- The Washington Times - Wednesday, August 4, 2004

It was George Santayana who said, “Those who cannot remember the past are condemned to repeat it.” Let’s hope Alan Greenspan is in a remembering frame of mind.

The Commerce Department has revised data for gross domestic product, sparking a minor debate whether a recession actually occurred in 2001. Either way, some now argue, if there was a recession, it was one of the mildest on record. That’s not only utter nonsense, it shows a sad lack of short-term memory.

There was a recession in 2000-01 and it was deep.

But you have to look behind the headline real gross domestic product (GDP) numbers to understand it.When you do so, you find a very unusual set of events worth remembering today were at work four years ago.

Consumer spending never once declined in the 2000-01 recession. This was because middle-class income actually increased nearly 5 percent between 2000 and 2002, according to the latest Internal Revenue Service statistics. This fact is completely counter to the Kerry-Edwards argument about a “middle-class squeeze.”

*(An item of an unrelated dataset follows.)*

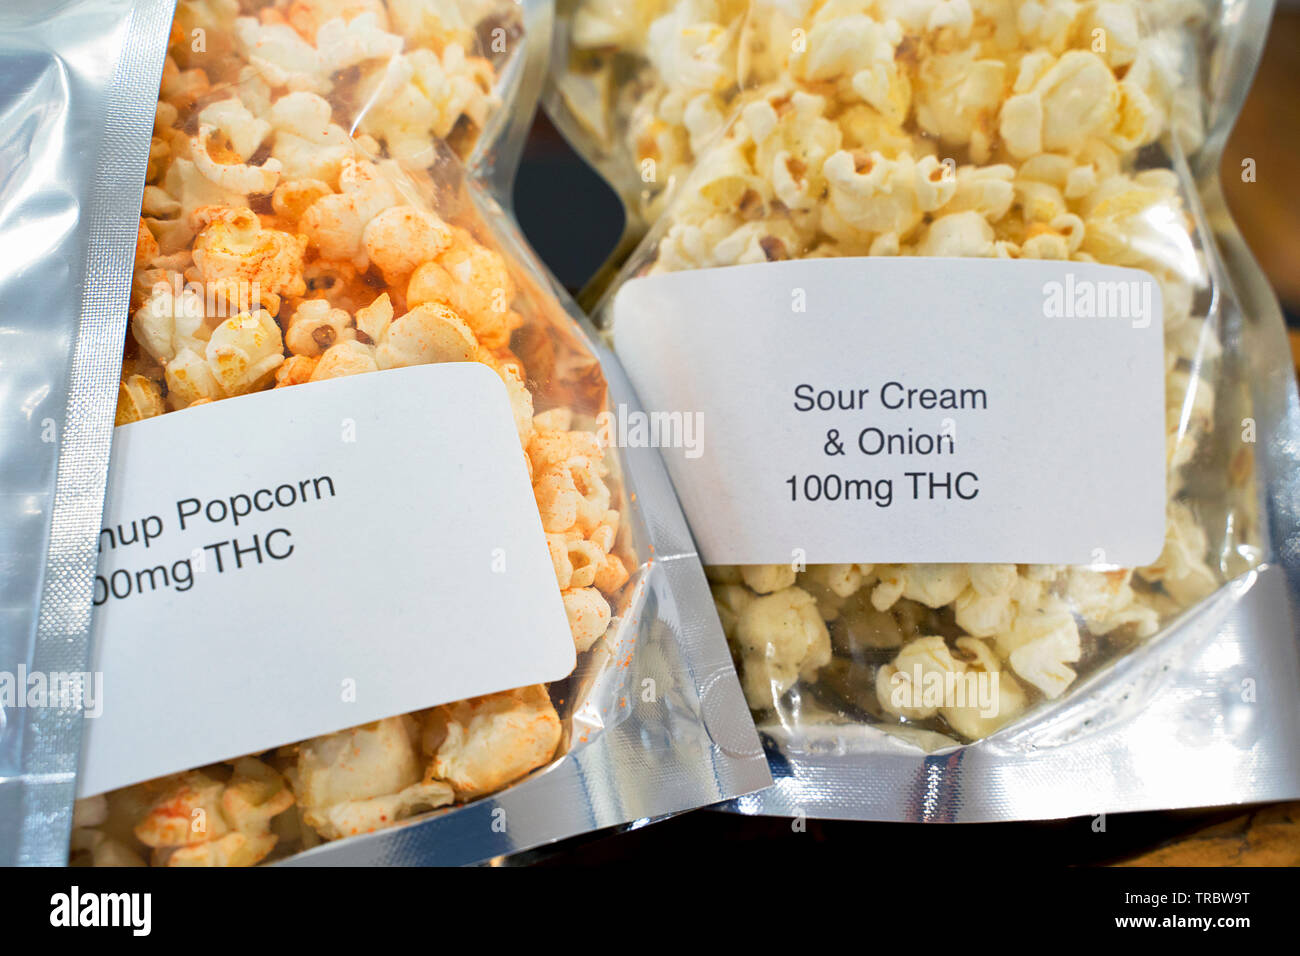 Edible Cannabis, Popcorn with 100mg THC, Tetrahydrocannabinol, Marijuana, Cannabis in Food Stock Photo
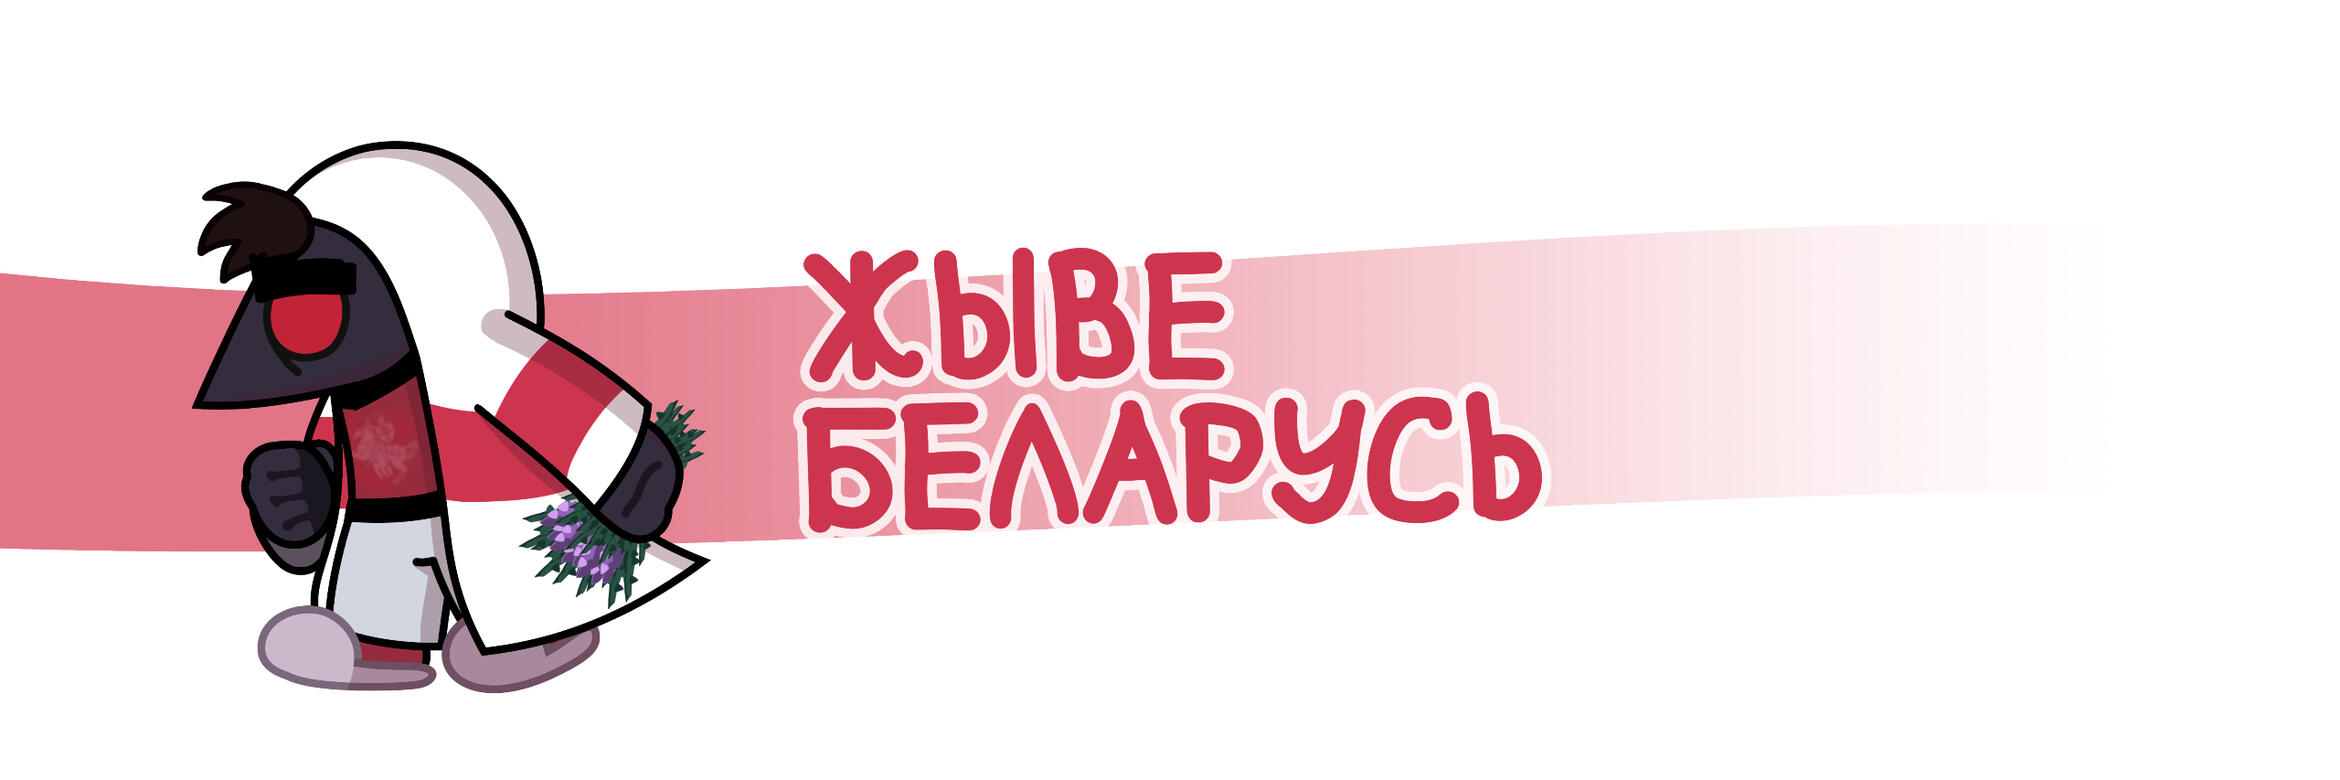 ЖывеБеларусь

Still, overall individual income declined 5 percent during this period. Why? Upper-end income suffered mightily. The top tax brackets lost about 28 percent of their income, on average, largely from the stock market crash and the fall in high-paying jobs. Twelve percent of the folks who fought their way above $200,000 a year slipped below that level in 2002.

At the rarified income level of $10 million or more, those with the highest propensity to save and invest lost a stunning 63 percent of their income during 2000-02. Total capital-gains income fell 29 percent, and dividend income dropped 17 percent. When Bill Clinton recently told the Democrats in Boston that top tax-rate payers don’t need the extra money, he was sorely uninformed.

It was the investment-side of the economy that collapsed in 2000-02. But without investment funding, economic growth was null and void. For example, capital-goods investment (equipment and software) fell in eight of 10 quarters between mid-2000 and the end of 2002, with six of those declines coming consecutively. Industrial production declined for six straight quarters. When measured against year-ago levels, after-tax corporate profits declined in seven straight quarters.

Surely, a 78 percent drop in the Nasdaq and a near 40 percent fall in the broader stock indexes deserve the lion’s share of blame for this business-investment recession.

In the new economy, the stock market is essential to the investment funding of business and the income- and wealth-creating activities of the 50 percent of adults called the investor class. When the market cost of capital rises sharply, as in 2000-02, investment activity hemorrhages.

This is why President Bush’s 2003 across-the-board tax plan — aimed especially at risk-taking investors (capital gains and dividends) — was brilliantly crafted. Since its passage, the stock market and the economy have emerged from a long slumber. If the Kerry Democrats repeal Mr. Bush’s investment tax incentives, the economy will rapidly retreat.

The other major cause of the investment recession was unbelievably bad policy from the Federal Reserve. Key sensitive market price indicators, ignored by the central bank in 2000, warned of a world-class liquidity deflation. In particular, the normal difference between long- and short-term interest rates was turned upside down as Treasury bills yielded more than bonds. This inverted yield curve was a classic recessionary sign.

As the Fed stupidly kept taking money out of the economy, gold and commodity prices crashed by about 20 percent. The ensuing dollar scarcity caused the greenback to soar on foreign exchange markets.

Why did the Fed wreak this havoc? It was worried about fictitious inflation that never developed. Prices, profits, equity values, and production collapsed in the wake of the Fed’s unrelenting monetary deflation. It was one of the greatest Fed blunders of all time.

Today, the central bank is again worried about inflation, even though deflationary pressures only seemed to end about a year ago. Even now, manufacturing hard-good prices are falling slightly after dropping steadily by 2 percent to 3 percent during the prior three years.

Since the Fed’s rate increase on June 30, its first in four years, growth-sensitive Nasdaq stocks have dropped nearly 10 percent. Dollar value in terms of gold, commodities (excluding energy) and foreign currencies has strengthened since early this year as a tax-cut-led business-investment recovery gradually absorbs the excess money the Fed created in 2003.

Core inflation rates are already slipping lower after a temporary bulge this past winter. That brings us to the nagging question: Does the Fed really have to embark on a prolonged series of rate increases? History can be instructive. There is no need for Mr. Greenspan to prove Santayana yet one more time.

Lawrence Kudlow is a nationally syndicated columnist and is chief executive officeer of Kudlow & Co., LLC, and CNBC’s economics commentator.